2. Use Multiple Models

  • Reduce bias by ensembling results from multiple LLMs
  • Compare GPT-4, Claude, Gemini

3. Prompt Engineering

  • Improve prompts considering cultural context
  • Refine persona definitions

4. Continuous Monitoring

  • Regularly re-measure reliability
  • Immediately evaluate upon new content publication

Conclusion

Summary of Achievements

  • 100% success for 225 evaluations (8 minutes 24 seconds, about $3.50 cost)
  • Average revisit intent 3.078/5.0 → All content is positive
  • SSR methodology validated → High Test-Retest reliability (ICC 0.833)
  • Actionable insights derived → Content strategy formulation possible

Blog Operation Recommendations

  1. Expand Claude Code Series: Highest interest
  2. Strengthen AI Development Workflow Content: GraphRAG, Multi-Agent, Screenshot-to-Code
  3. Multilingual Support: Prioritize English, Korean, Japanese
  4. 4→5 Point Conversion Strategy: Deepen content quality (add hands-on examples, case studies)

Potential of SSR Methodology

SSR goes beyond being just a survey tool to become an innovative tool for content strategy formulation:

Applicable Areas:

  • Blog content revisit intent (this study)
  • Product purchase intent (original SSR purpose)
  • Service subscription intent
  • Ad click intent
  • Brand preference

Core Contributions:

  • ✓ Cost-efficient large-scale evaluation ($0.016 per evaluation)
  • ✓ Rapid iterative experiments (results in minutes)
  • ✓ Combination of quantitative evaluation + qualitative insights
  • ✓ High reliability (ICC 0.833)

The consumer research and content strategy fields are facing a new turning point in the AI era.

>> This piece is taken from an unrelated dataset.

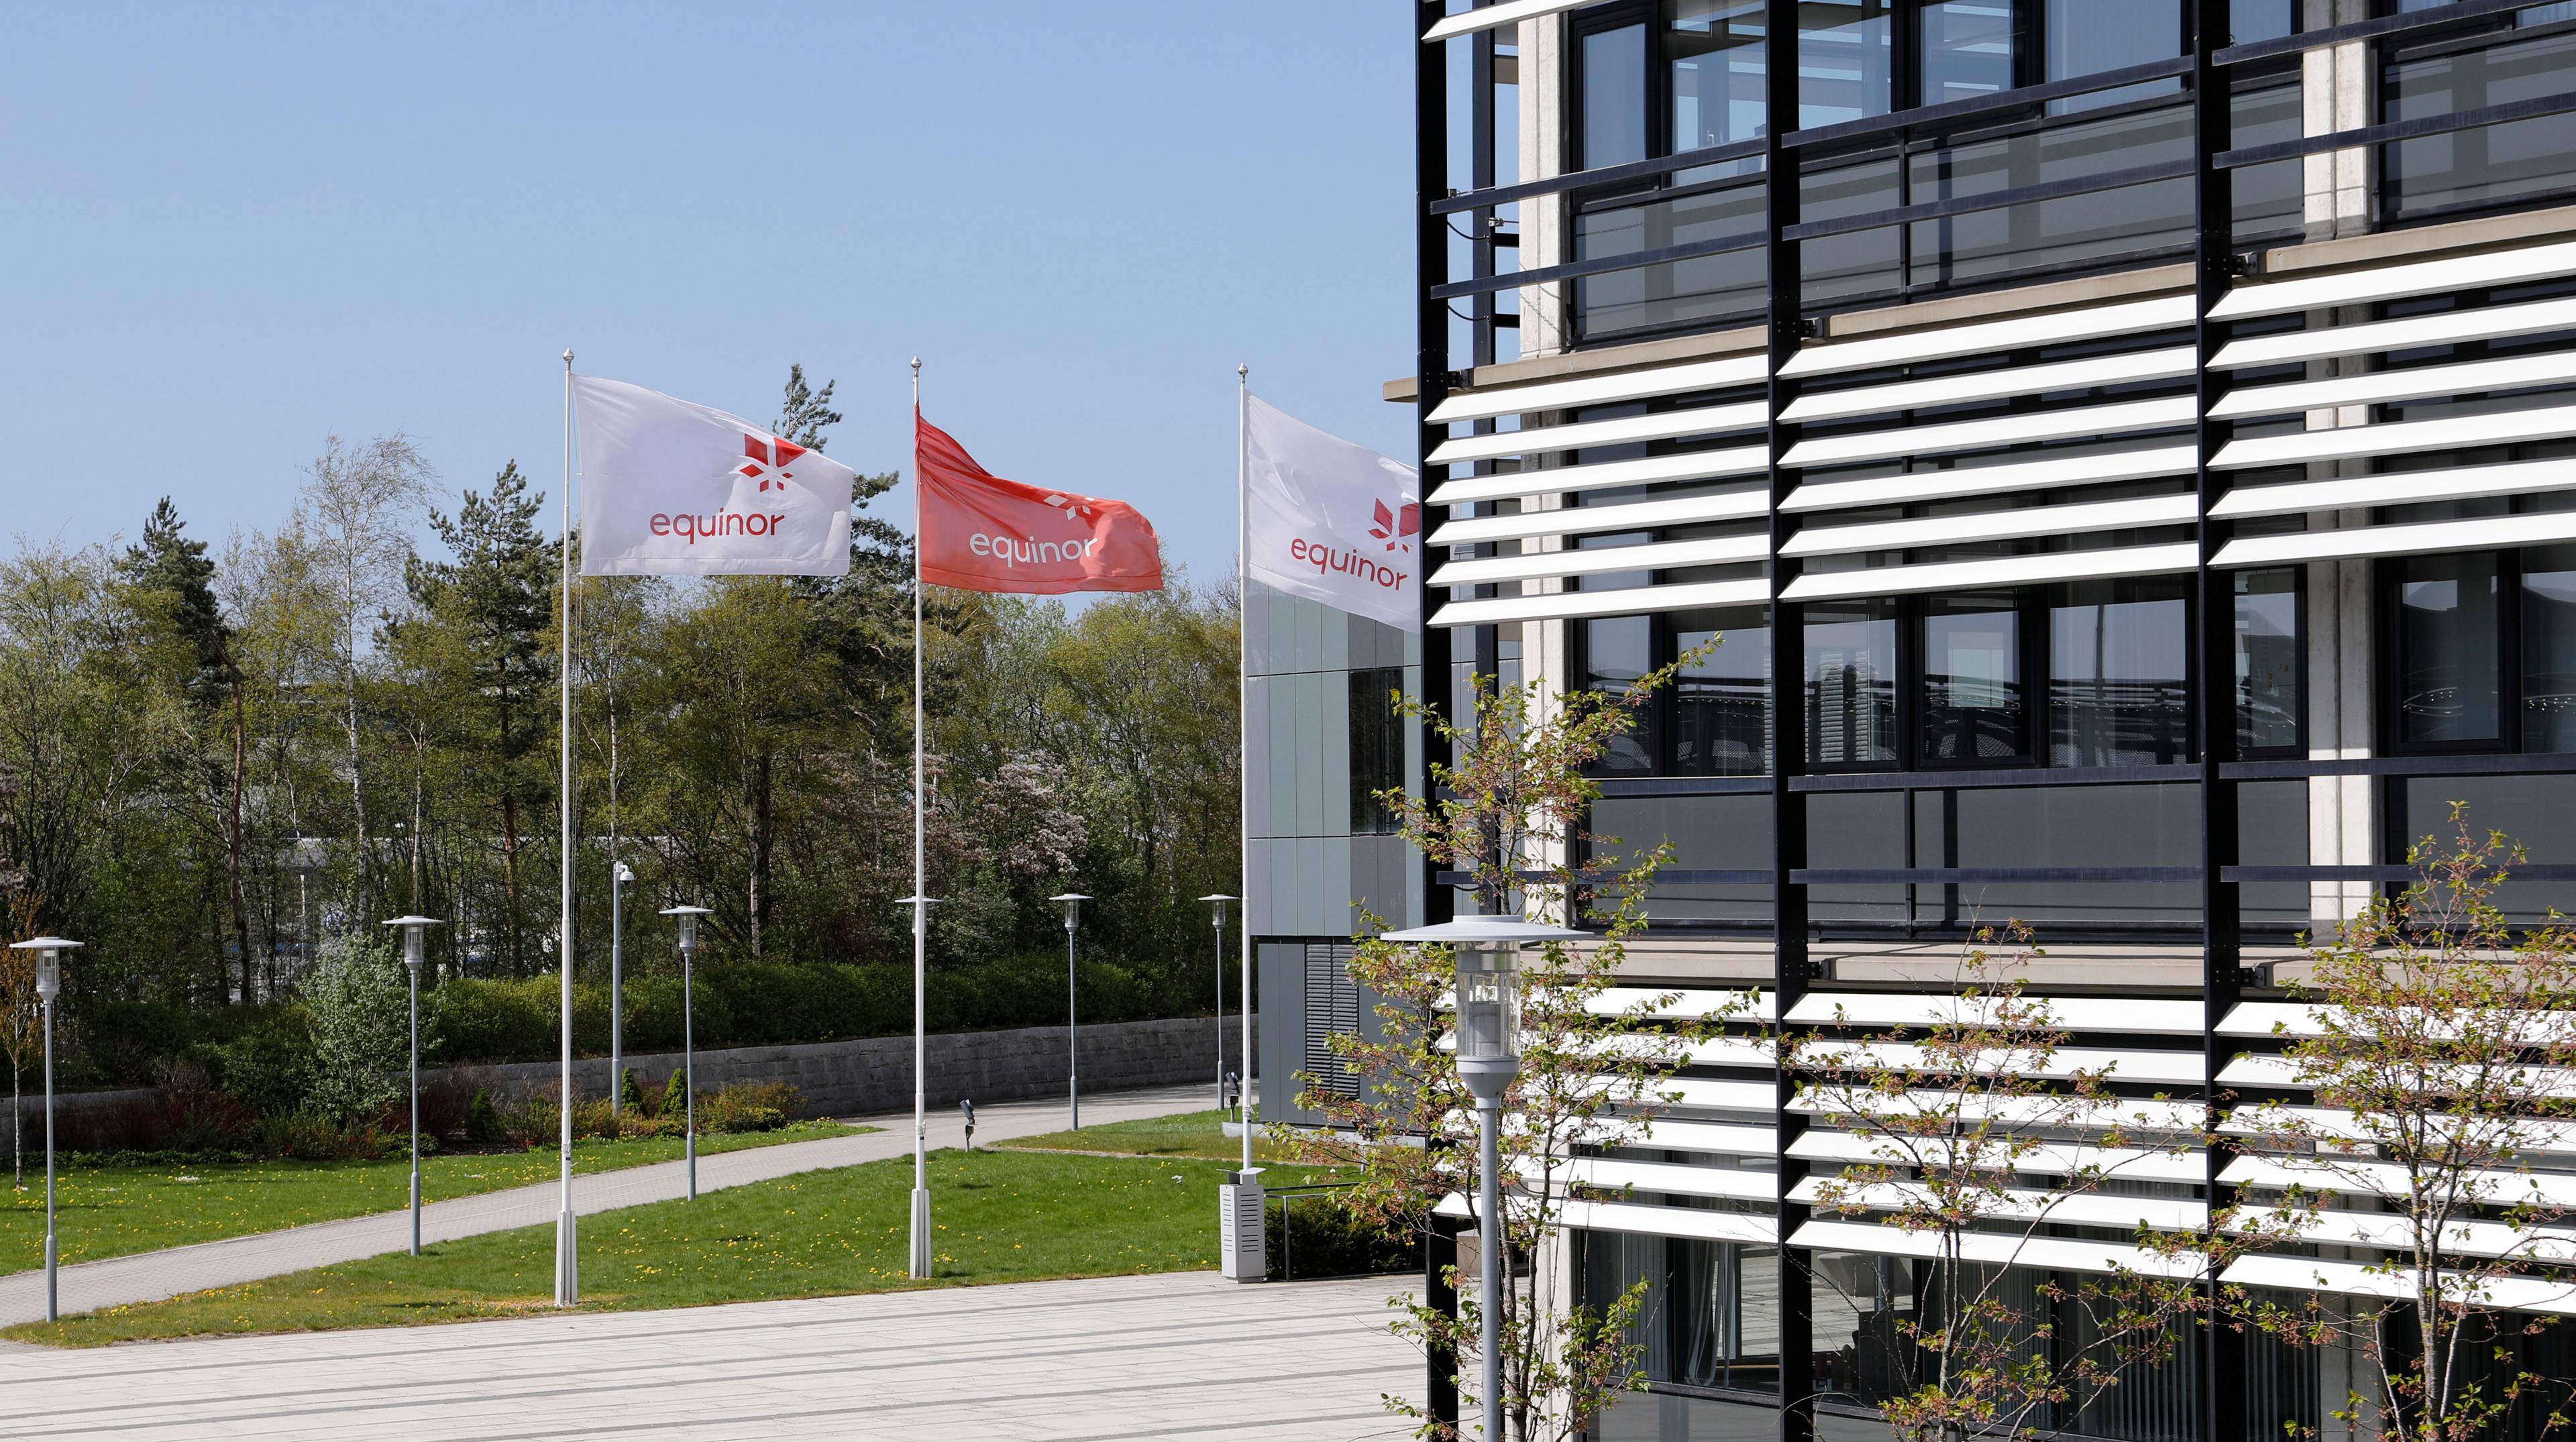 Equinor flags and office building

Technologies like SSR will become powerful tools for blog operators and marketers to create better content and understand their audience more deeply.

References

Academic Papers

  • [arXiv 2510.08338] LLMs Reproduce Human Purchase Intent via Semantic Similarity Elicitation of Likert Ratings

Implementation References

Blog Posts


📊 Code & Data: The complete code and data used in this analysis are available in the GitHub repository.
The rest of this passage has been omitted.